Являемся ли мы обществом сознательных людей? – спрашивал я себя в горестном изумлении. И после этого я долгое время не мог ни читать, ни слушать рассуждений на возвышенные темы. Ведь когда-то и она была молода, работала, горевала, любила, в болезни рождала детей – и взамен что она получила? Люди выжали из неё всё, что было возможно, и бросили за негодностью.
Прогуливаясь по школьному двору, я вспомнил теперь эту старую, сморщенную, худую женщину с мерк-нувшим, беспомощным взглядом обиженного и замученного существа.
Я остановился перед памятником, отчётливо отражавшимся в зеркале реки. Мужчина и женщина, мальчик, девочка и младенец бьют молотом по раскалённому железу наковальни. Надпись гласит, что статуя эта посвящена памяти трёх жертв, погибших при постройке зданий нашей школы. Бронислав Мроз, столяр, 36 лет, умер, придавленный балкой. Григорий Пехур, каменщик, 27 лет, упал с лесов. Фишель Вейнгартен, жестяник, 41 год, свалился с крыши и умер, не спасённый операцией.

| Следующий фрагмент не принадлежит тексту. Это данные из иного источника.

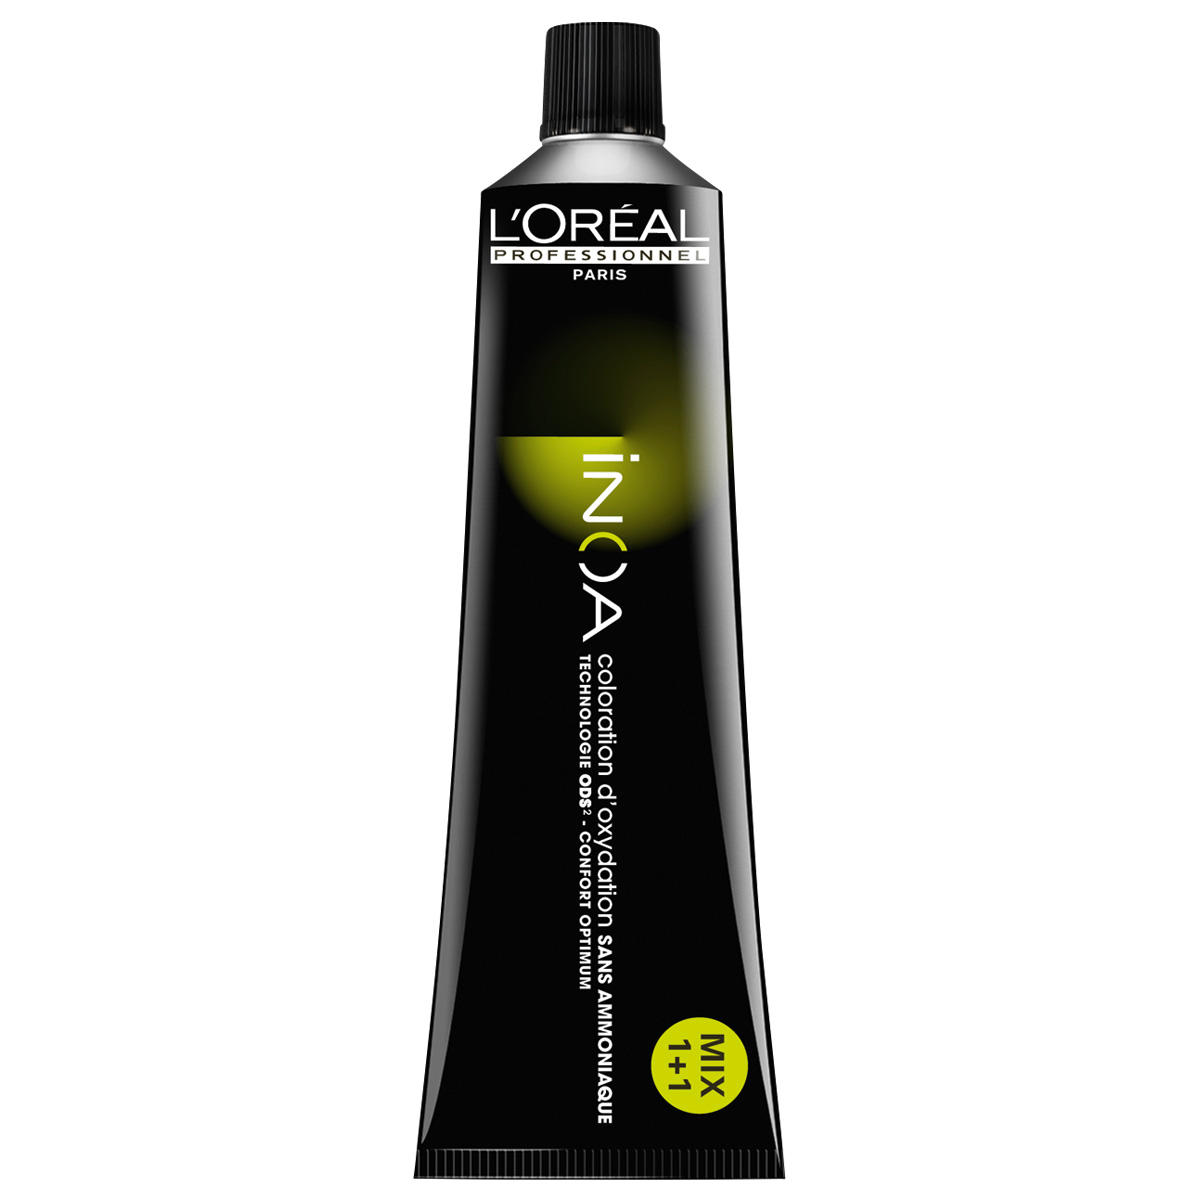 L'Oréal Professionnel Paris Coloration 1 Negro, tubo 60 ml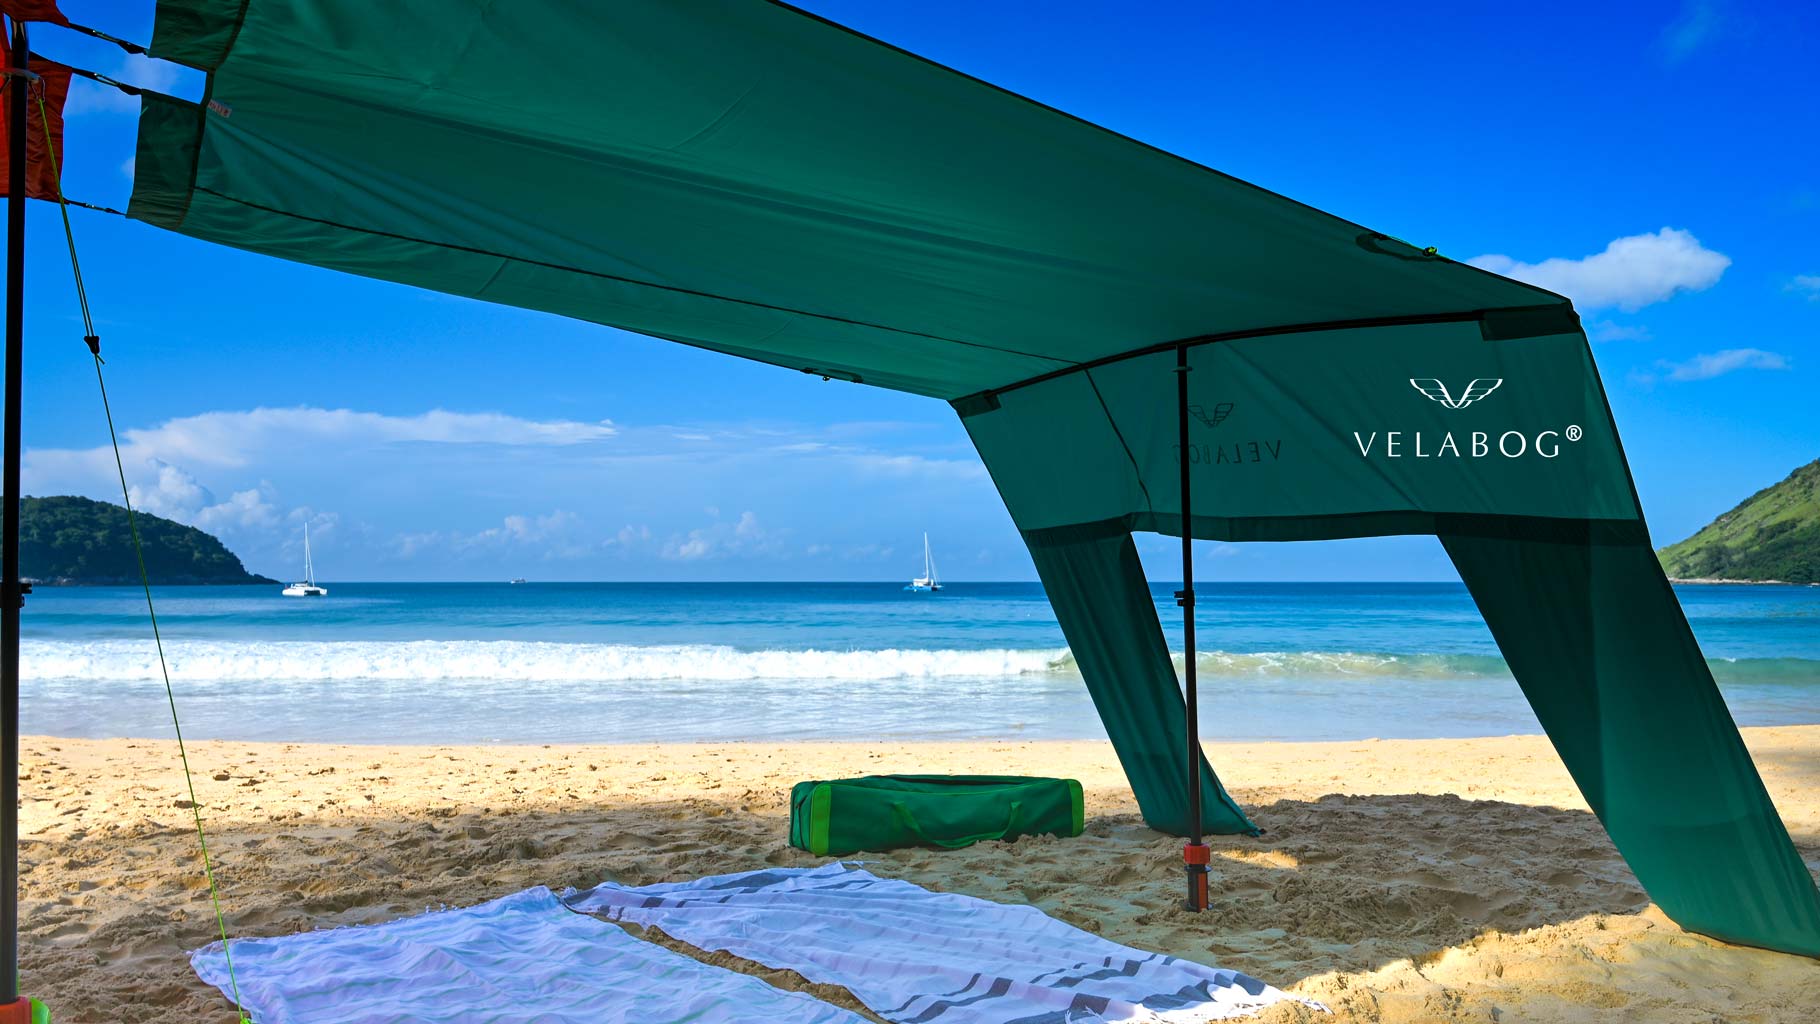 Voile d’ombrage tente plage Velabog Breeze vert relié à un deuxième voile d’ombrage sur la plage. Combinaison réalisée grâce au kit d’extension pour former une énorme tente de plage offrant beaucoup d’ombre pour toute la famille et les amis.

Широким заревом расстилалось по небу отражение городских огней. Оттуда смутные голоса жизни должны были прийти в нашу тишину и вернуться обратно – ясные и обновлённые.
– Да будет так!..
В первые же дни пpиёмa в нашу школу поступило более сотни мальчиков и несколько десятков девочек. Это были дети, брошенные нам обществом, рассчитывавшим, что наша школа послужит, по крайней мере, целительным пластырем для одной из его ран – сиротства; это были дети нищеты и недоли.